Use them on controller methods or as inline route middleware such as router.get(handler, [Get('/health')]).

@Validate(map)

@Validate(...) is a method decorator backed by ValidateMiddleware.

@Validate({ body: PostBodyValidator, params: PostParamsValidator })

What it does:

  • runs configured validators in parallel
  • merges validation errors across request sources
  • throws a validation error when any check fails
  • rewrites req.body, req.query, and req.params with validator output on success

Use it when you want correctness checks and sanitized request data before the controller runs.

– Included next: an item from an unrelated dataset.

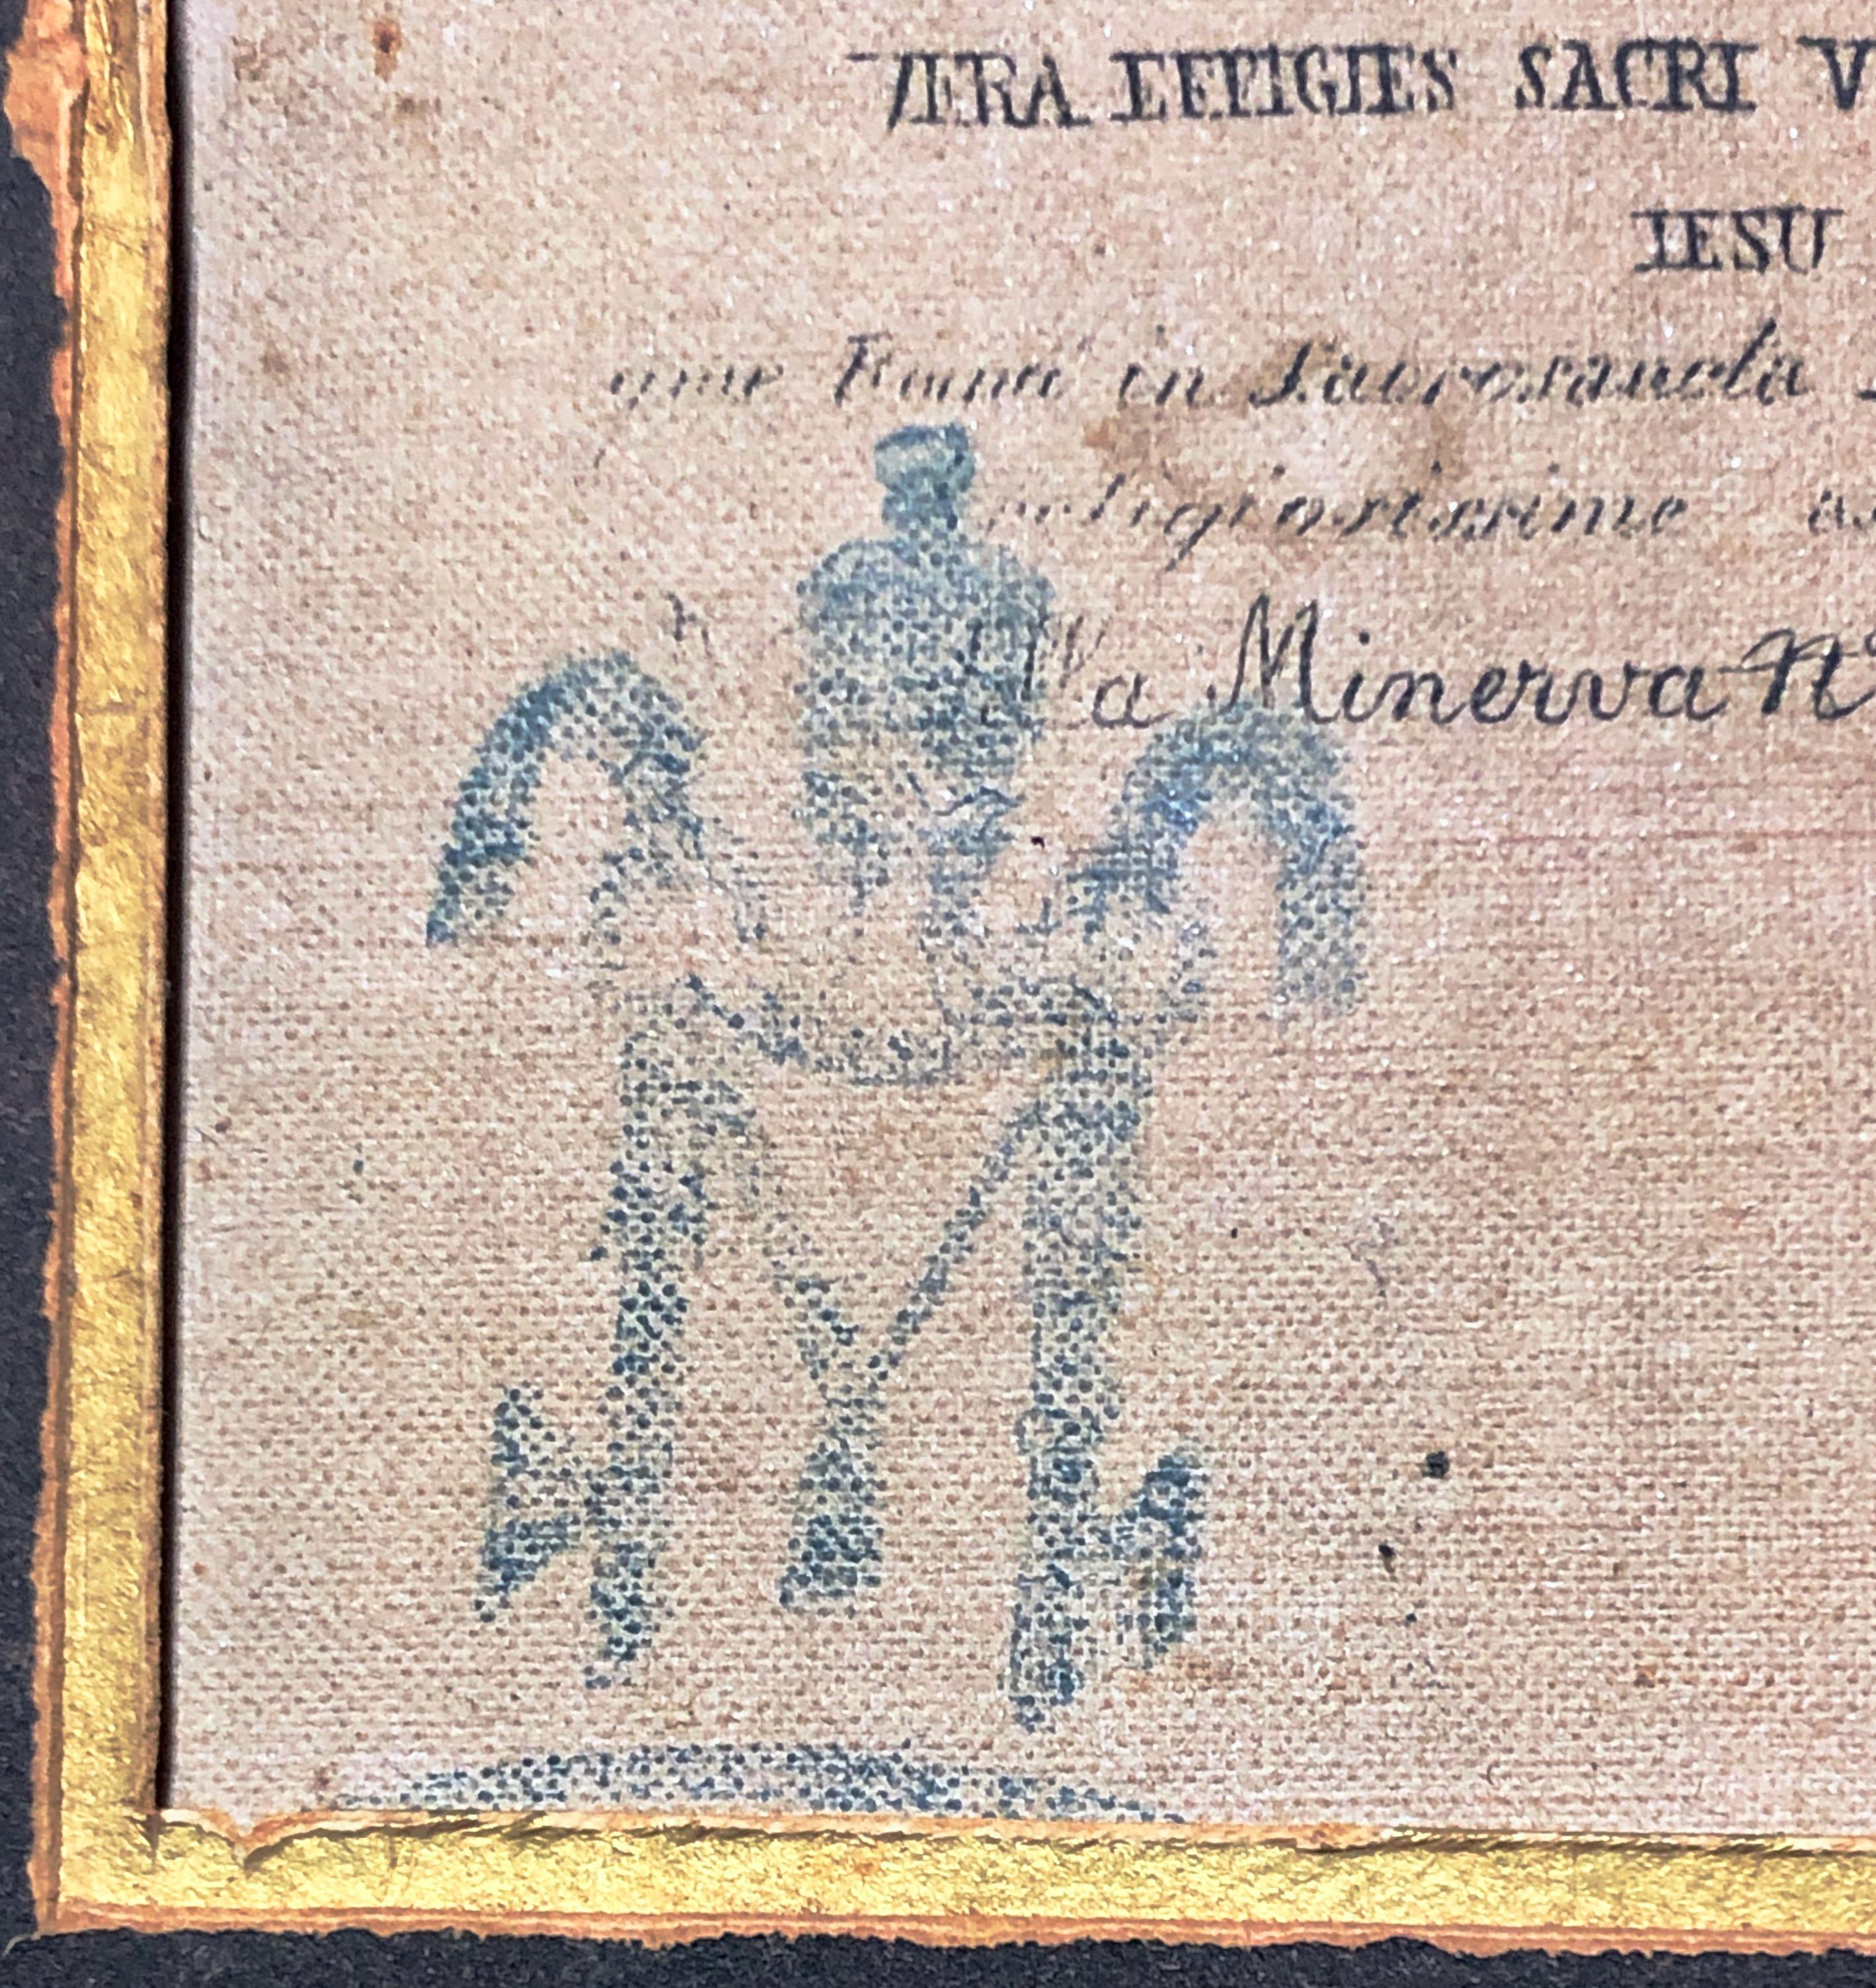 Late 19th Century Framed Relic Image of Veronica's Veil, with Vatican Seal and Stamp, Verso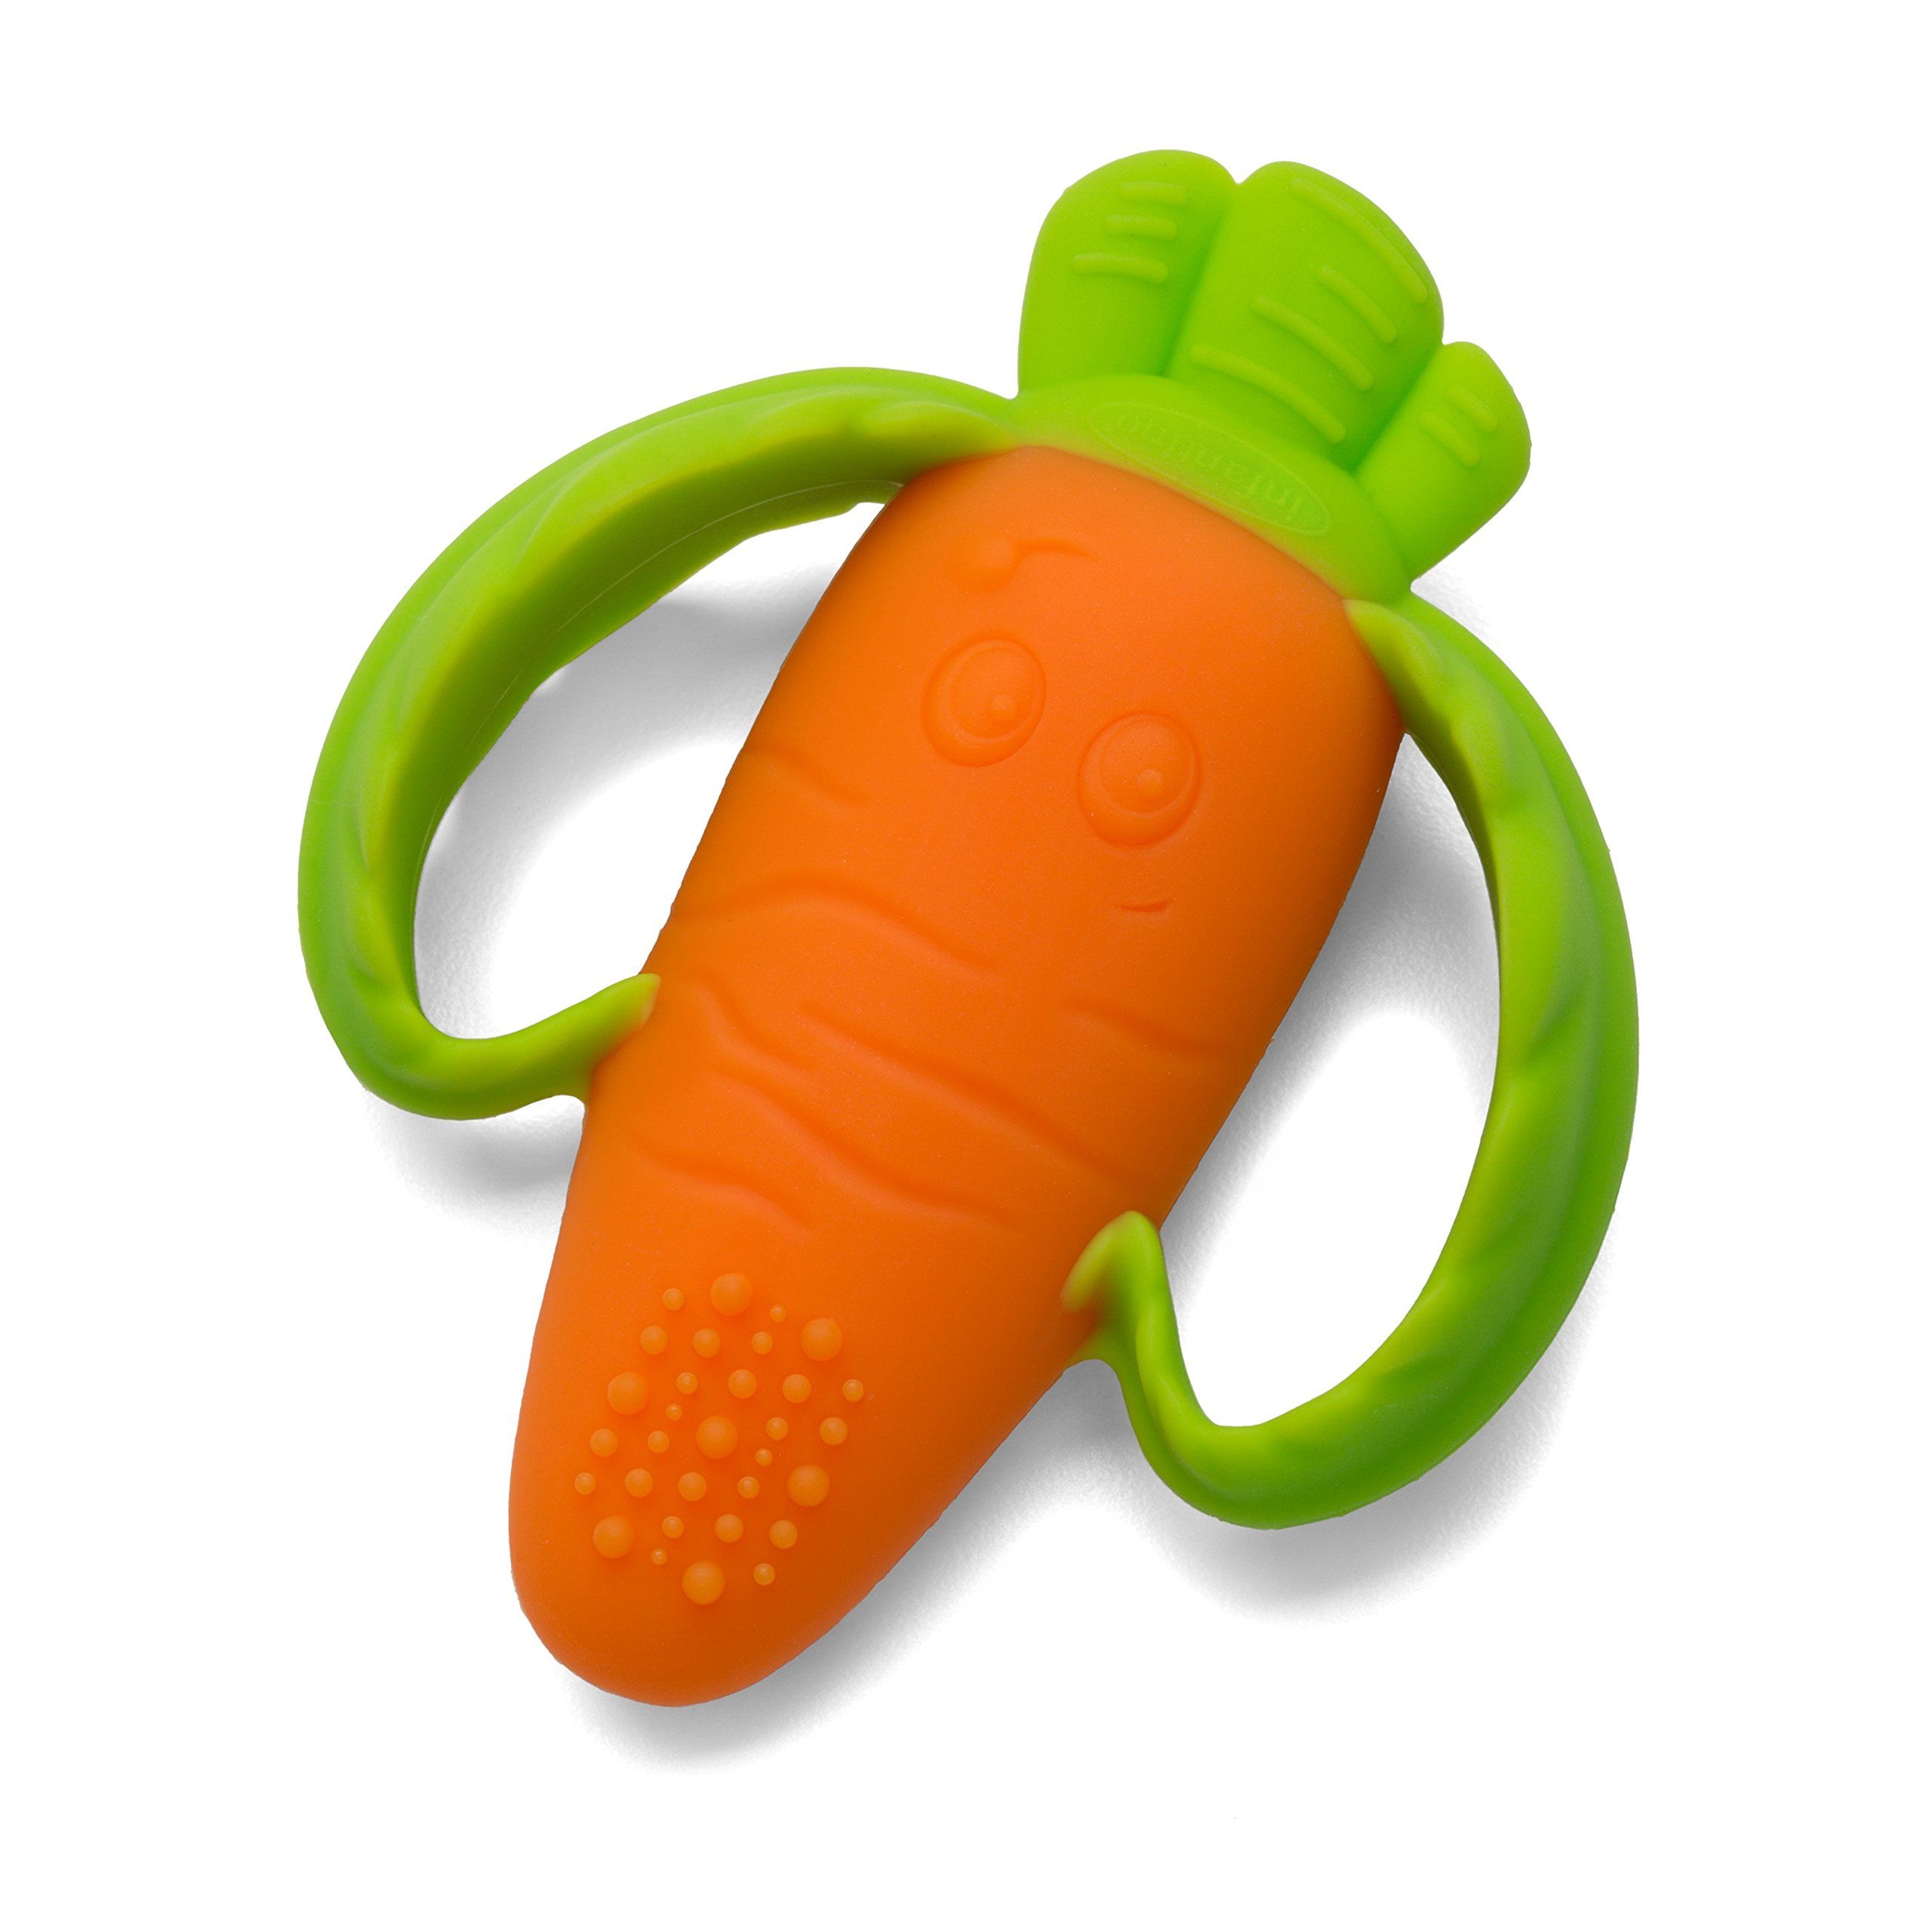 Infantino Lil' Nibbles Textured Silicone Baby Teether - Sensory Exploration and Teething Relief with Easy to Hold Handles, Orange Carrot, 0+ Months | Amazon (US)

See Validation for the full validator model.

@Transform(map)

@Transform(...) is a method decorator backed by TransformerMiddleware.

@Transform({ body: PostBodyTransformer, res: PostResponseTransformer })

What it does:

  • transforms headers, body, params, and query before the handler
  • optionally transforms the returned value through res
  • mutates the request object before controller code sees it

Use it when you want normalization, DTO shaping, or response mapping.

See Transformer for the full transform model.

@Connect(name?) or Connect(name?)

Connect(...) is a method decorator and endpoint middleware backed by ConnectMiddleware.

@Connect('default')

or

router.get(handler, [Get('/posts'), Connect('default')])

What it does:

  • resolves the named database connection lazily
  • stores the resolved driver handle on current.db[name]
  • returns HTTP 503 if the connection is unavailable
  • leaves unresolved connections as null on current.db

Use it when a handler needs a database connection inside the request lifecycle.

To understand the database side of this flow, see Database Connections and Database Models.

@Track or @Track()

Track also works as a method or class decorator.

@Track()
export class PostController {}

What it does:

  • wraps a single method or every method in a class
  • ensures a request track id exists
  • adds X-Track-Id to the response

Use it when you want request tracking only for selected controllers or handlers instead of globally.

Typical setup

import { Connect, Cors, Logger, Router, Track } from 'morphis';
 
const router = new Router();
 
router.use([
	Logger,
	Track,
	Cors({ origins: '*' }),
	Connect('default'),
]);

Connect('default') can be registered globally or per handler. Use the narrowest scope that matches your application, especially if only some routes need database access.